> _Goal of the exercise_: Reproduce exactly the lines of this material that begin at the line with "Pinienwald - schöne" and end at the line with "Органайзер для хранения ватных палочек, с", both included. Omit the pictures and everything else.

> _Data to process_:
..............................
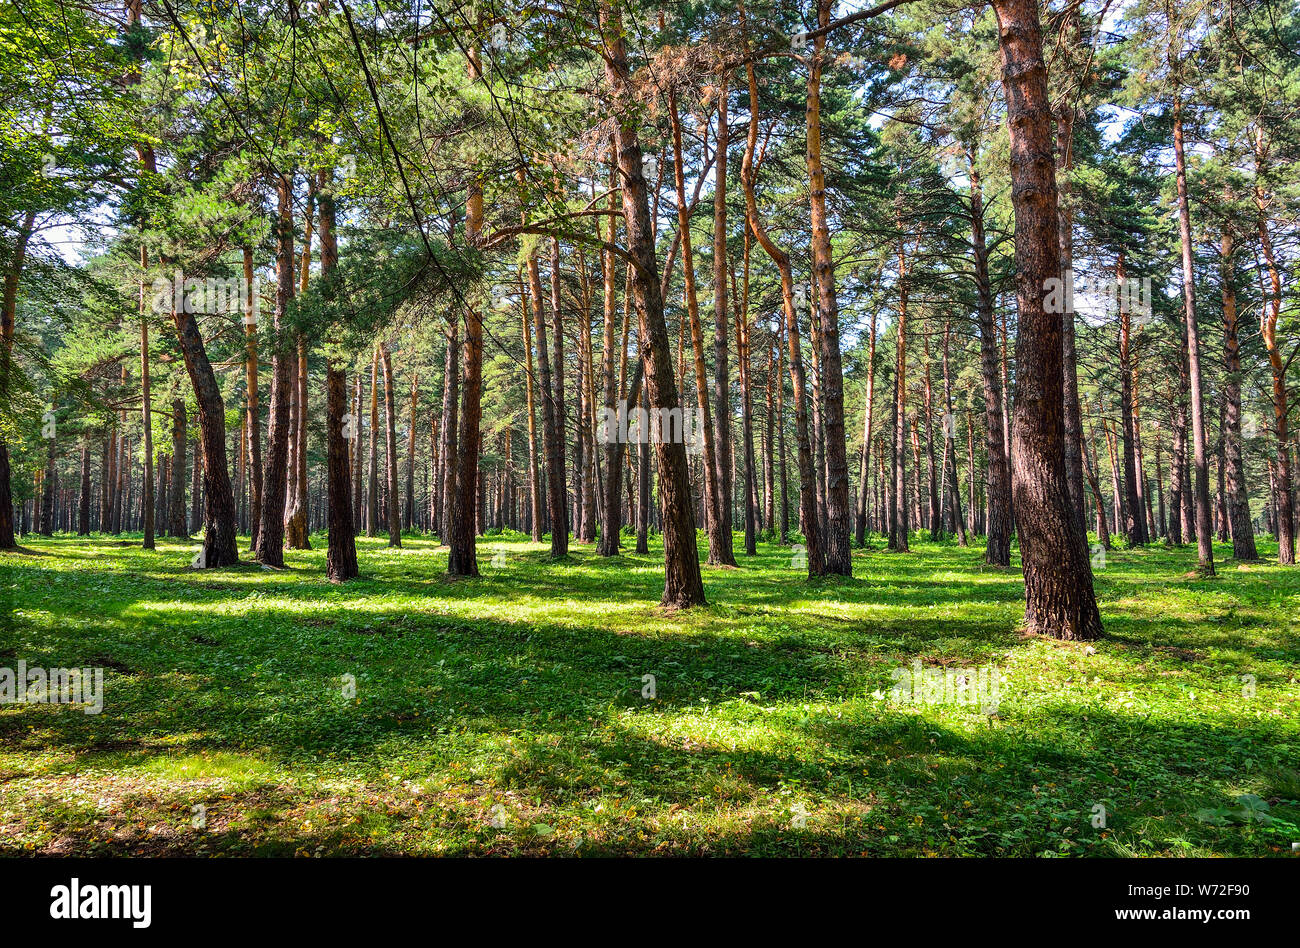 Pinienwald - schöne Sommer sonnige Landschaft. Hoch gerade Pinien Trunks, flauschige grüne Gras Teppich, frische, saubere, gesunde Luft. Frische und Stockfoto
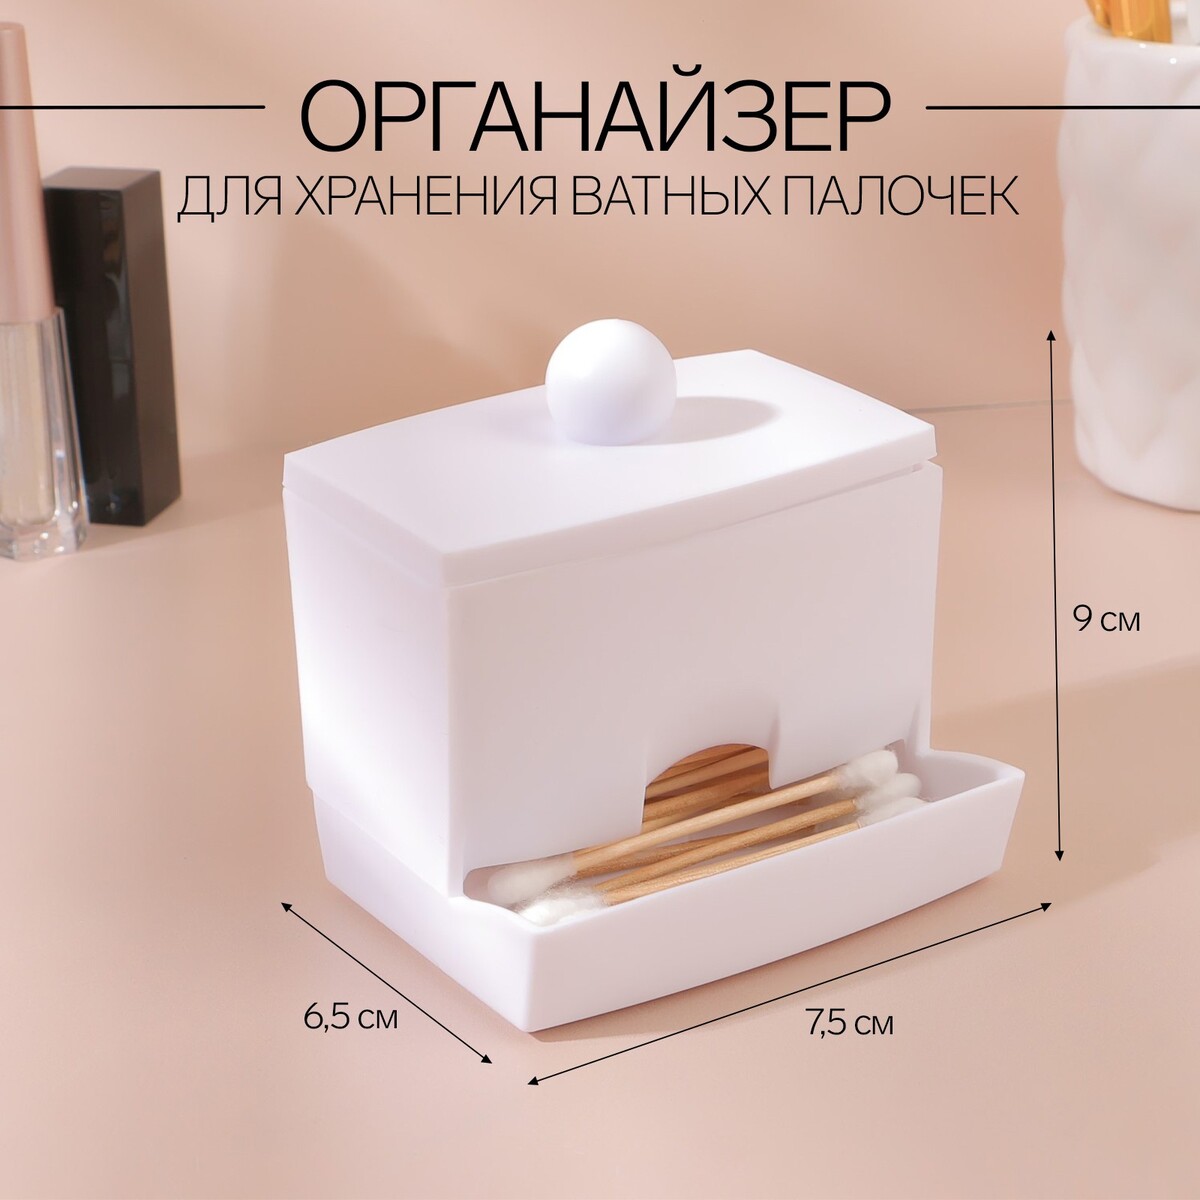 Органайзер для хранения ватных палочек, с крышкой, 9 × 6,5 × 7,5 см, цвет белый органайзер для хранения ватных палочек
..............................
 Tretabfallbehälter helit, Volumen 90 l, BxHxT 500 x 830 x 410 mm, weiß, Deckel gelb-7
..............................
> _Your solution_:
 Pinienwald - schöne Sommer sonnige Landschaft. Hoch gerade Pinien Trunks, flauschige grüne Gras Teppich, frische, saubere, gesunde Luft. Frische und Stockfoto
 Органайзер для хранения ватных палочек, с крышкой, 9 × 6,5 × 7,5 см, цвет белый органайзер для хранения ватных палочек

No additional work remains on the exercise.